L'affabilité et la douceur.

  1. La bienveillance pour ses semblables, fruit de l'amour du prochain, produit l'affabilité et la douceur qui en sont la manifestation. Cependant il ne faut pas toujours se fier aux apparences ; l'éducation et l'usage du monde peuvent donner le vernis de ces qualités.

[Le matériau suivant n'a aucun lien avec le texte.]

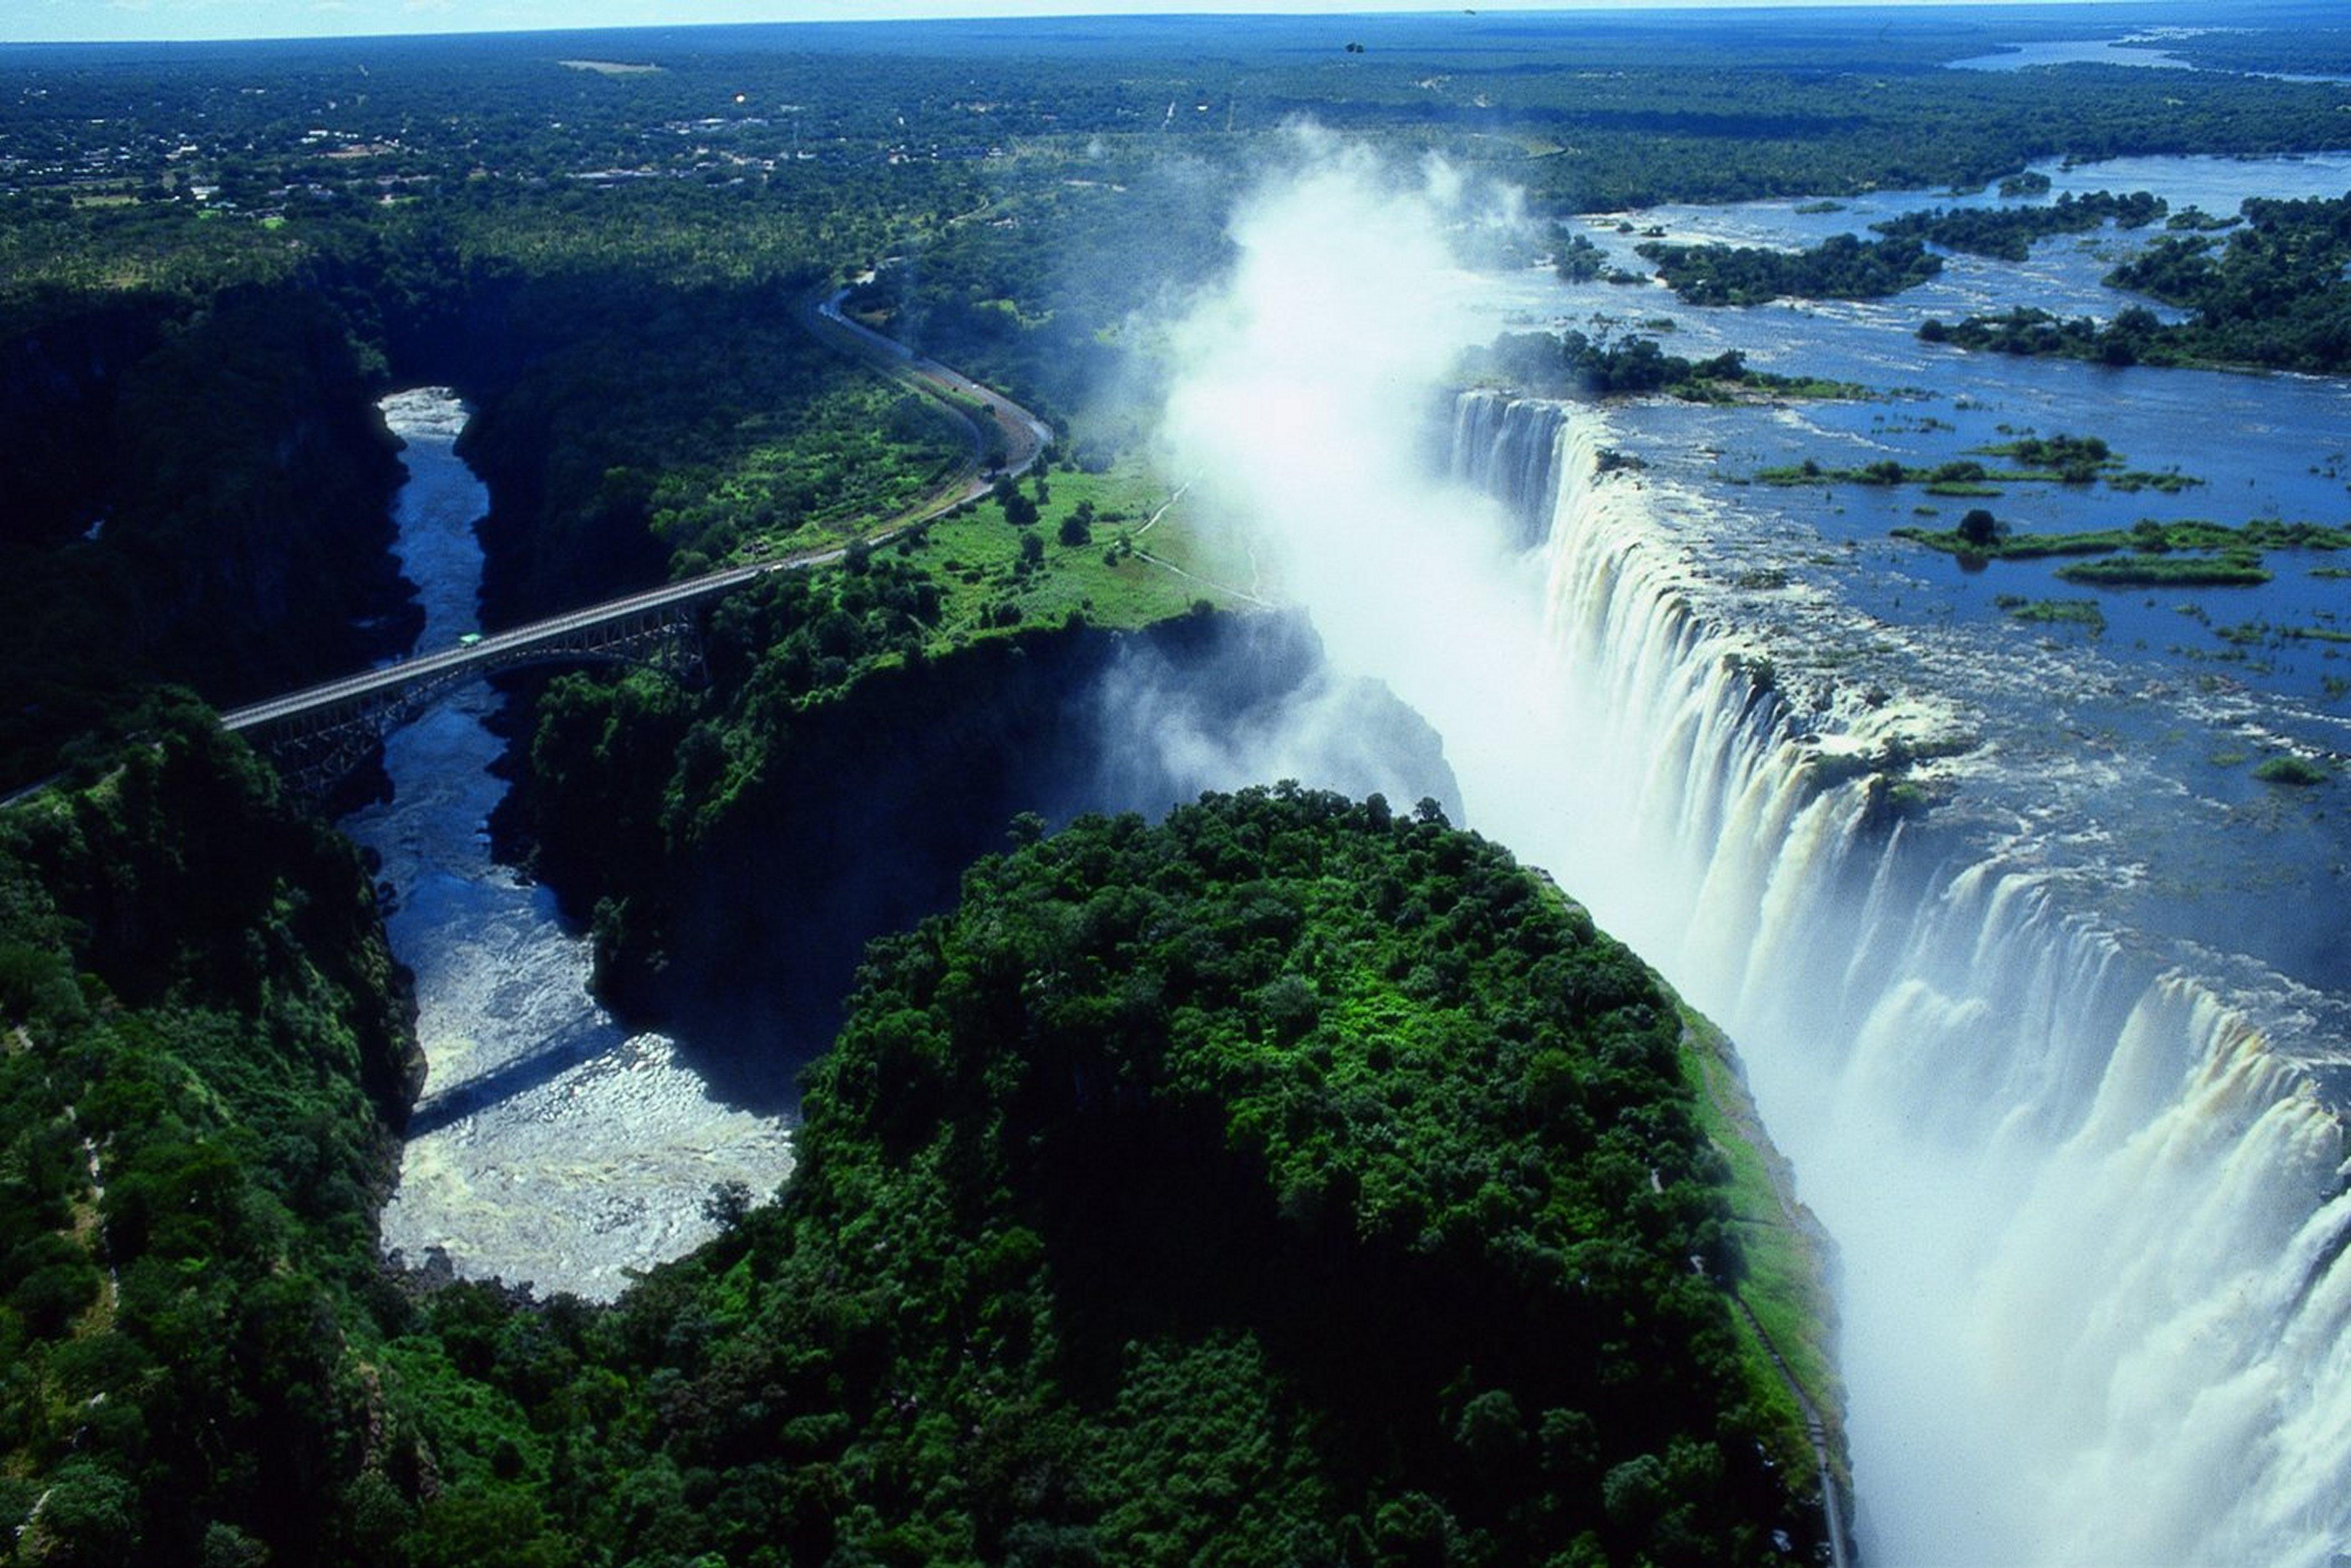 Victoria Falls Zambia and Zimbabwe Wallpaper 4251 x 2835 4251x2835
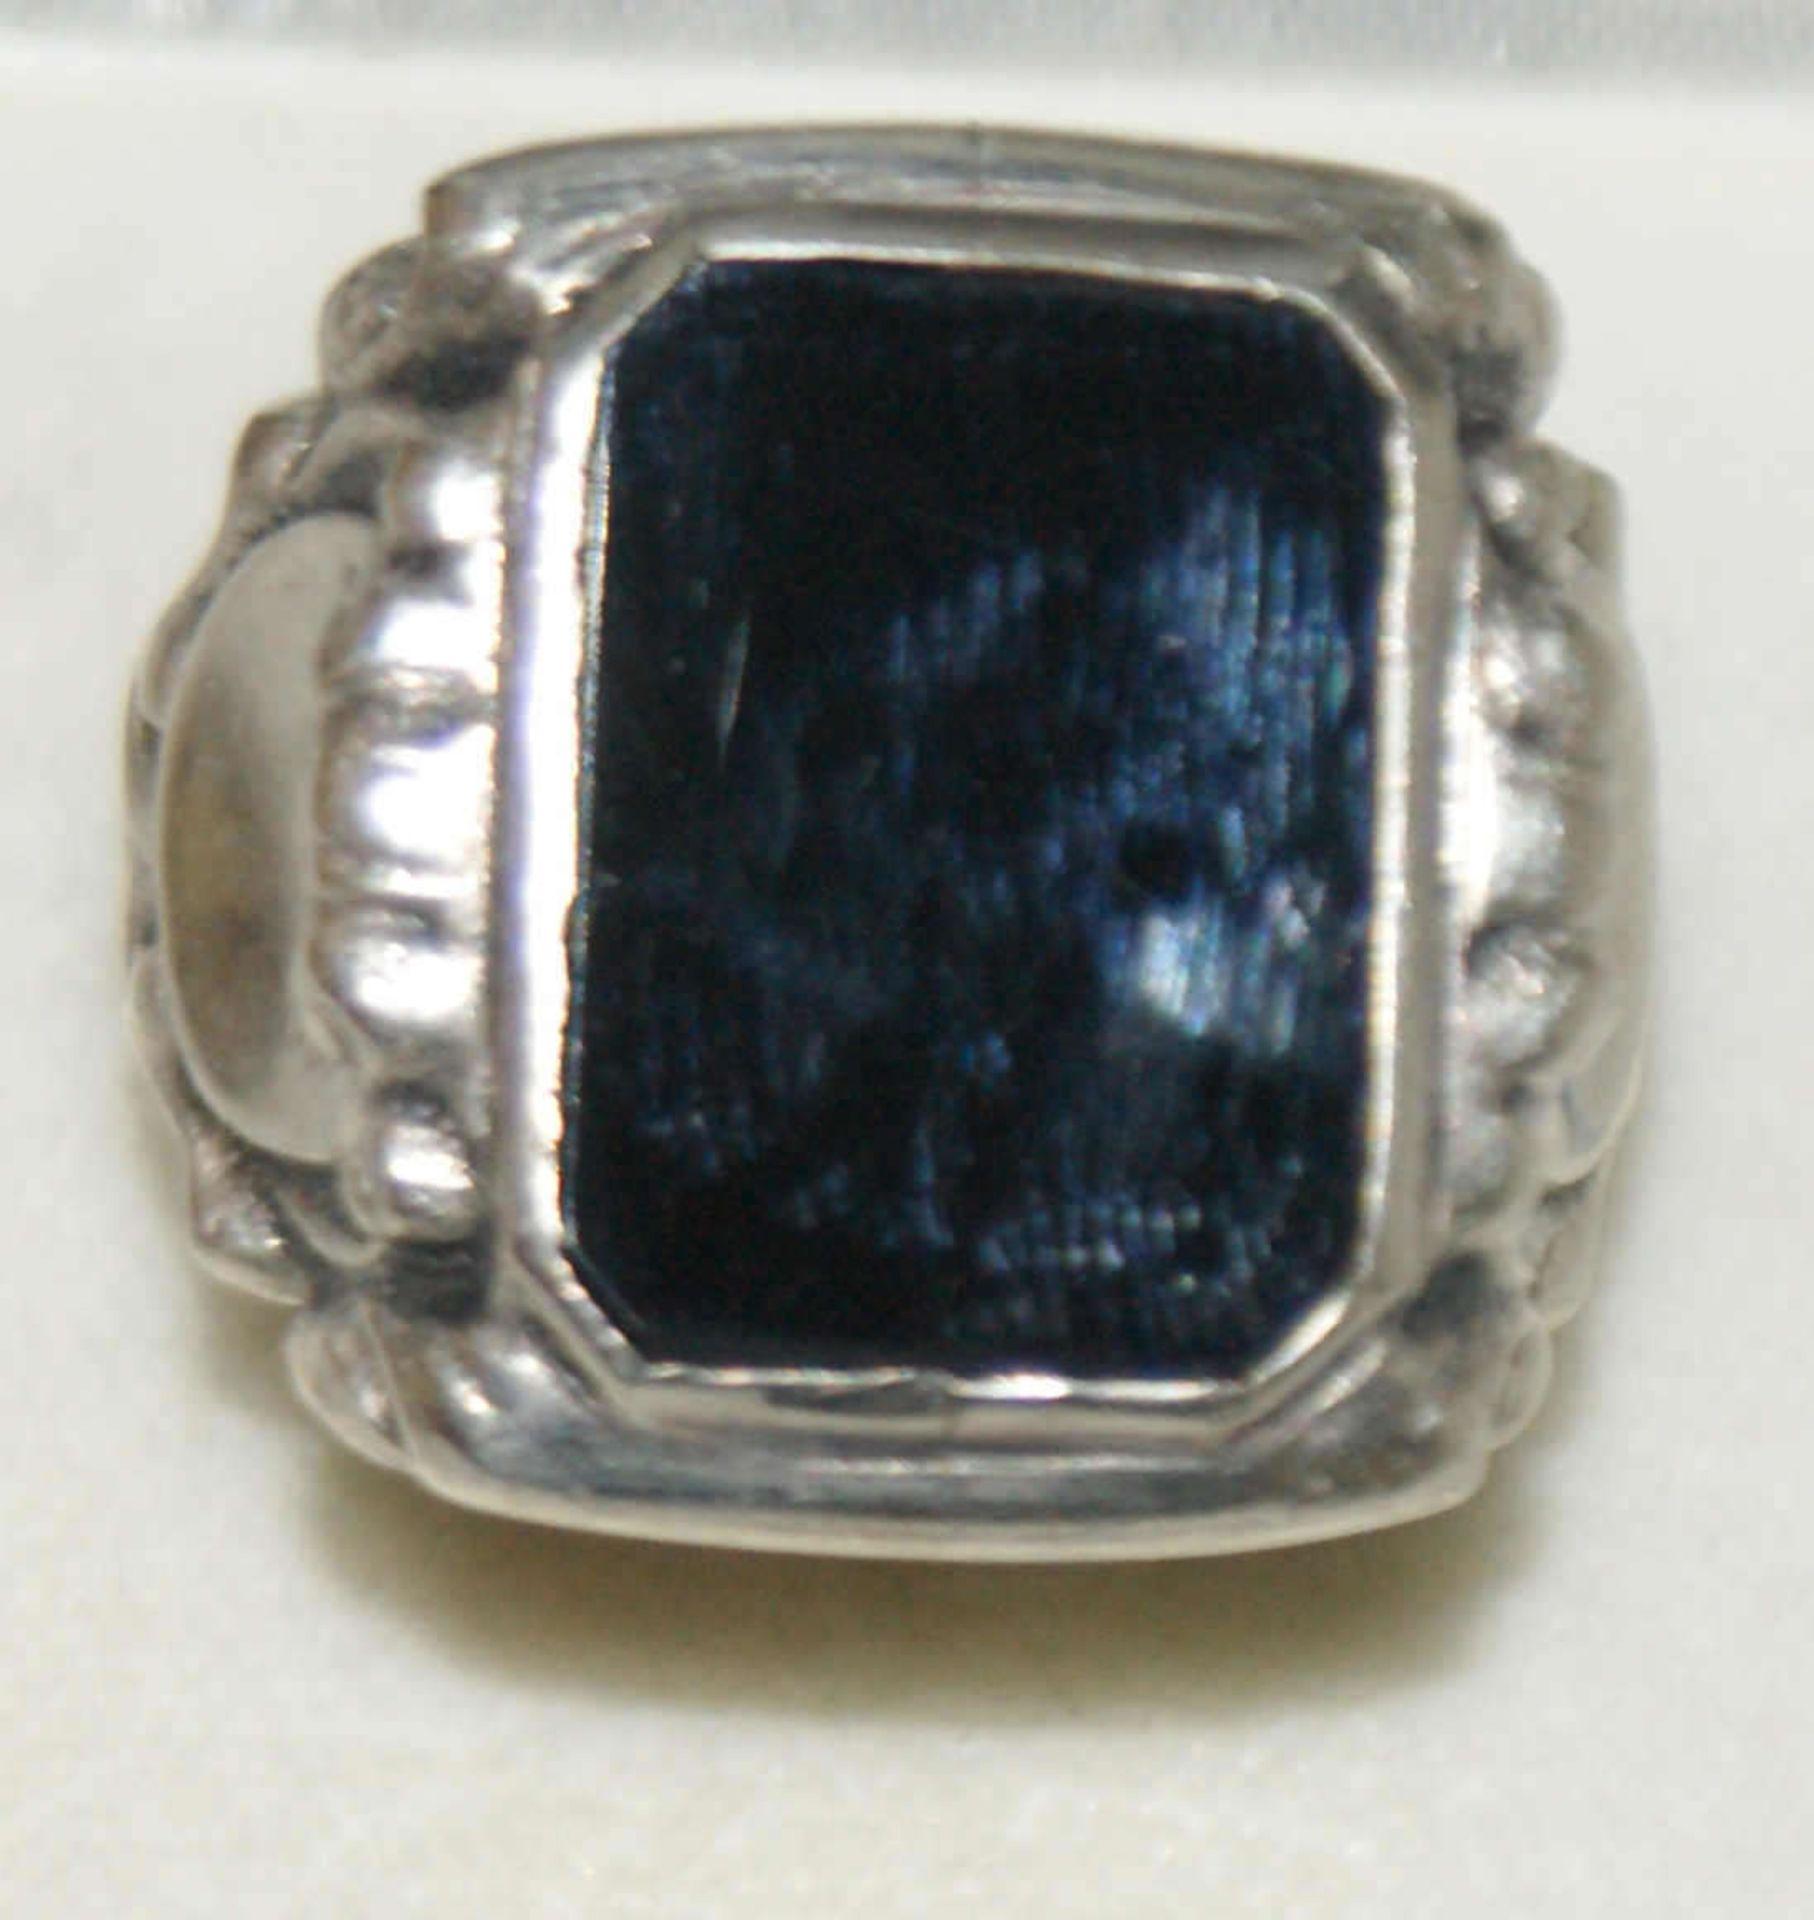 Herrenring, 830er Silber, besetzt mit Onxy, Ringgröße 58, Gewicht ca. 8 gr

Combien en est-il dont la feinte bonhomie n'est qu'un masque pour l'extérieur, un habit dont la coupe calculée dissimule les difformités cachées ! Le monde est plein de ces gens qui ont le sourire sur les lèvres et le venin dans le coeur ; qui sont doux pourvu que rien ne les froisse mais qui mordent à la moindre contrariété ; dont la langue dorée, quand ils parlent en face, se change en dard empoisonné quand ils sont par-derrière.

A cette classe appartiennent encore ces hommes, aux dehors bénins, qui, chez eux, tyrans domestiques, font souffrir à leur famille et à leurs subordonnés
le poids de leur orgueil et de leur despotisme ; ils semblent vouloir se dédommager de la contrainte qu'ils se sont imposée ailleurs ; n'osant faire acte
d'autorité sur des étrangers qui les remettraient à leur place, ils veulent au moins se faire craindre de ceux qui ne peuvent leur résister ; leur vanité
jouit de pouvoir dire : «Ici je commande et je suis obéi ;» sans songer qu'ils pourraient ajouter avec plus de raison : «Et je suis détesté.»

Il ne suffit pas que des lèvres découlent le lait et le miel ; si le coeur n'y est pour rien, c'est de l'hypocrisie. Celui dont l'affabilité et la douceur
ne sont pas feintes, ne se dément jamais ; il est le même devant le monde et dans l'intimité ; il sait d'ailleurs que si l'on trompe les hommes par des
apparences, on ne trompe pas Dieu. (LAZARE. Paris, 1861.)